Income/ Loss per Share

 

The Company’s basic income/loss per share is calculated by dividing its net income/loss available to common stockholders by the weighted average number of common shares outstanding for the period. The Company’s dilutive income/loss per share is calculated by dividing its net loss available to common shareholders by the diluted weighted average number of shares outstanding during the period. The diluted weighted average number of shares outstanding is the basic weighted number of shares adjusted for any potentially dilutive debt or equity.

 

Fair Value of Financial Instruments

 

The Company’s financial instruments include cash, accounts payable, related party advances, and notes and advances payable.

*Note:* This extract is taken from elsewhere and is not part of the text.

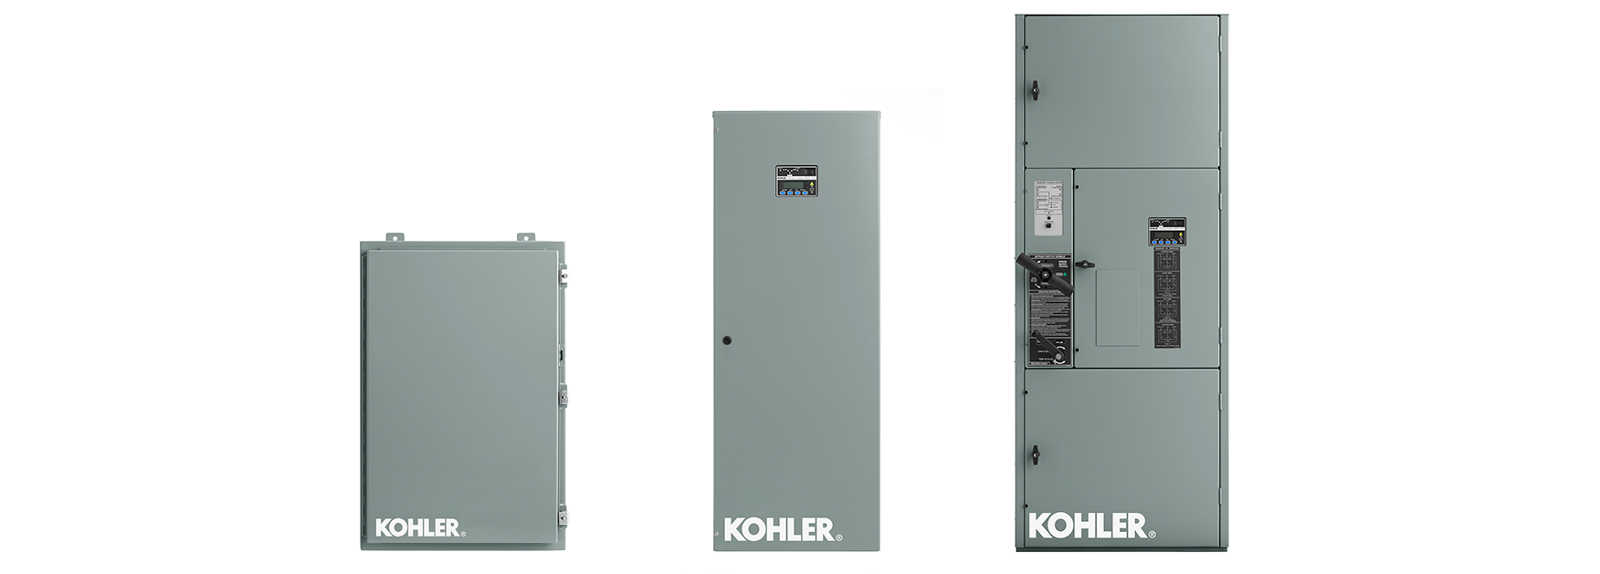 info-énergie – Drumco Energie – Fier Distributeur des génératrices Kohler®

All instruments are accounted for on a historical cost basis, which, due to the short maturity of these financial instruments, approximates fair value at December 31, 2017 and 2016, respectively.

 

Financial instruments measured at fair value are classified into one of three levels in the fair value hierarchy, which prioritizes the inputs used in measuring fair value as follows:

 

Level 1. Observable inputs such as quoted prices in active markets;
   
Level 2. Inputs, other than the quoted prices in active markets, that are observable either directly or indirectly; and
   
Level 3. Unobservable inputs in which there is little or no market data, which requires the reporting entity to develop its own assumptions.

 

Cash is measured at fair value using level 1 inputs.

 

Stock-Based Compensation

 

For equity awards, such as stock options, total compensation cost is based on the grant date fair value and for liability awards, such as stock appreciation rights, total compensation cost is based on the settlement value. The Company recognizes stock-based compensation expense for all awards over the service period required to earn the award, which is the shorter of the vesting period or the time period an employee becomes eligible to retain the award at retirement.

 

Mineral Property Interests

 

Costs of exploration and costs of carrying and retaining unproven properties are expensed as incurred. The Company considers mineral rights to be tangible assets and accordingly, the Company capitalizes certain costs related to the acquisition of mineral rights.

 

Revenue Recognition

 

Revenue consists of service revenue generated from management and consulting services. Revenue is recognized when services have been delivered, the amount is fixed or determinable, collection is probable and cost incurred or to incur can be measured reliably.

  

Reclassification

 

Certain prior period numbers have been reclassified to conform to current year presentation.

 

Recent Accounting Pronouncements

 

The Company has implemented all new accounting pronouncements that are in effect and that may impact its financial statements and does not believe that there are any other new accounting pronouncements that have been issued that might have a material impact on its financial position or results of operations except for the following:

 

In January 2016, the Financial Accounting Standards Board (FASB) issued Accounting Standards Update No. 2016-01 (ASU 2016-01) “Financial Instruments-Overall (Subtopic 825-10): Recognition and Measurement of Financial Assets and Financial Liabilities.” ASU 2016-01 amends various aspects of the recognition, measurement, presentation, and disclosure of financial instruments. ASU 2016-01 is effective for annual reporting periods and interim periods within those years beginning after December 15, 2017. The most significant impact to our financial statements relates to the recognition and measurement of equity investments at fair value in our statement of operations. The adoption of ASU 2016-01 will increase the volatility of our other income (expense) as a result of the remeasurement of our equity investment through net income.